Прокажённый хрипит и отворачивается:
— Мальчик, отойди от болезни моей. Умрёшь, как я. Не трогай руки мои, язвы живые, кишащие переметнутся к тебе и пожрут тебя.
Я не хочу быть твоей смертью...
Но Мальчик цепко не отпускает прокажённого и глиняной слюной обмазывает лицо и руки его. Несколько раз.
Но мало целебной слюны, и врач мал ещё...
Но прокажённый благодарно плачет, потому что Мальчик не устрашился язв его, и прилепился к нему, а никто никогда не обнимал его.
Иисус говорит:
— Может, хоть часть болезни уйдёт ко мне...
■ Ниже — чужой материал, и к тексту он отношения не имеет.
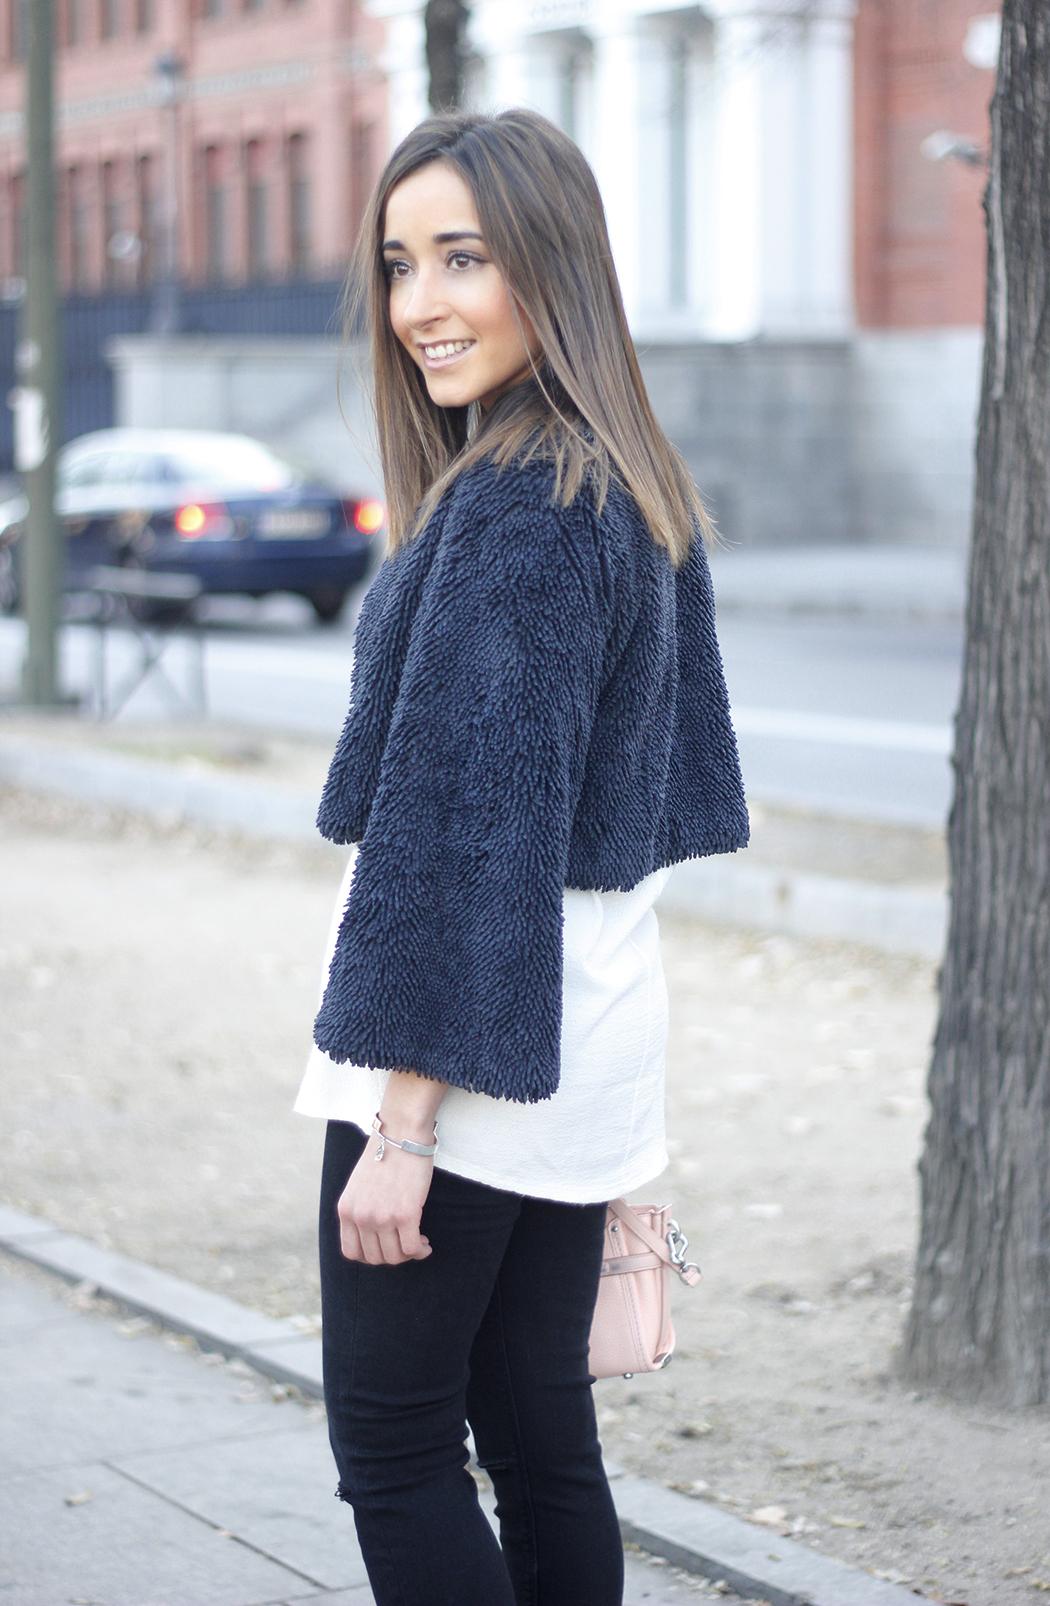 black jeans, coach bag, outfit, style, heels, white t-shirt, Fur Effect Jacket, uterqüe15

Вот два всадника ехали на одном осле, и тяжко было всем, но вот один пересел на другого осла, и разве не легче всем?..
Но тут страшный свист несётся на улицах Назарета, и являются два гонных всадника.
Это римские легионеры в орлиных шлемах, с короткими мечами, в коротких, удобных для смертельного удара, плащах.
Они пьяны, криво сидят на ладных лошадях, и в руках у них горящие факелы.
Они кричат:
— Слава Императору! Ха-ха! Мы охотники на львов!
Вот они — два прокажённых льва! А прокажённых львов надо палить, жечь!
Риму-Орлу не нужна проказа! Вся Иудея! Весь Иерусалим — проказа!
Придет время — мы сожжём факелами весь этот кишащий, гнойный, непокорный базар народов и племён!
А пока мы подожжём этих двух прокажённых львов!..
Они меткие, но пьяные. Они гибко, яро, косо бросают горящие факелы в прокажённого и в Иисуса. Факелы летят в обречённых...
Но тут внезапно страшный ветер от весенних лесистых гор Нефоалима, и голубых бирюзовых отрогов Ермона с дубовыми рощами, и плодоносной равнины Азохис срывается, поднимается над Назаретом, и этот бешеный горный ветер останавливает летящие факелы и поворачивает их на всадников.
Горящие, смолистые, прилипчивые факелы летят на всадников.
И они в страхе поворачивают коней своих и бегут, но факелы летят за ними, как пущенные ярой дланью копья…
А Мальчик шепчет им вослед:
— Император! Император Октавиан-гриф! Рим, Рим! Твои легионеры пьяны! А пьяные легионеры полягут сонно в траву, и некому будет хоронить их. Рим, Рим! Империя легионов! И Ты сеешь факелы смерти по земле, но они вернутся к Тебе!
И Ты захлебнёшься в горящих факелах своих! И загоришься от факелов своих!
И всякая Империя, посягнувшая на Мировое Господство, на мировую власть сгорит в огне факелов своих!
Прокажённый говорит:
— Мальчик, ты повернул нашу смерть на них.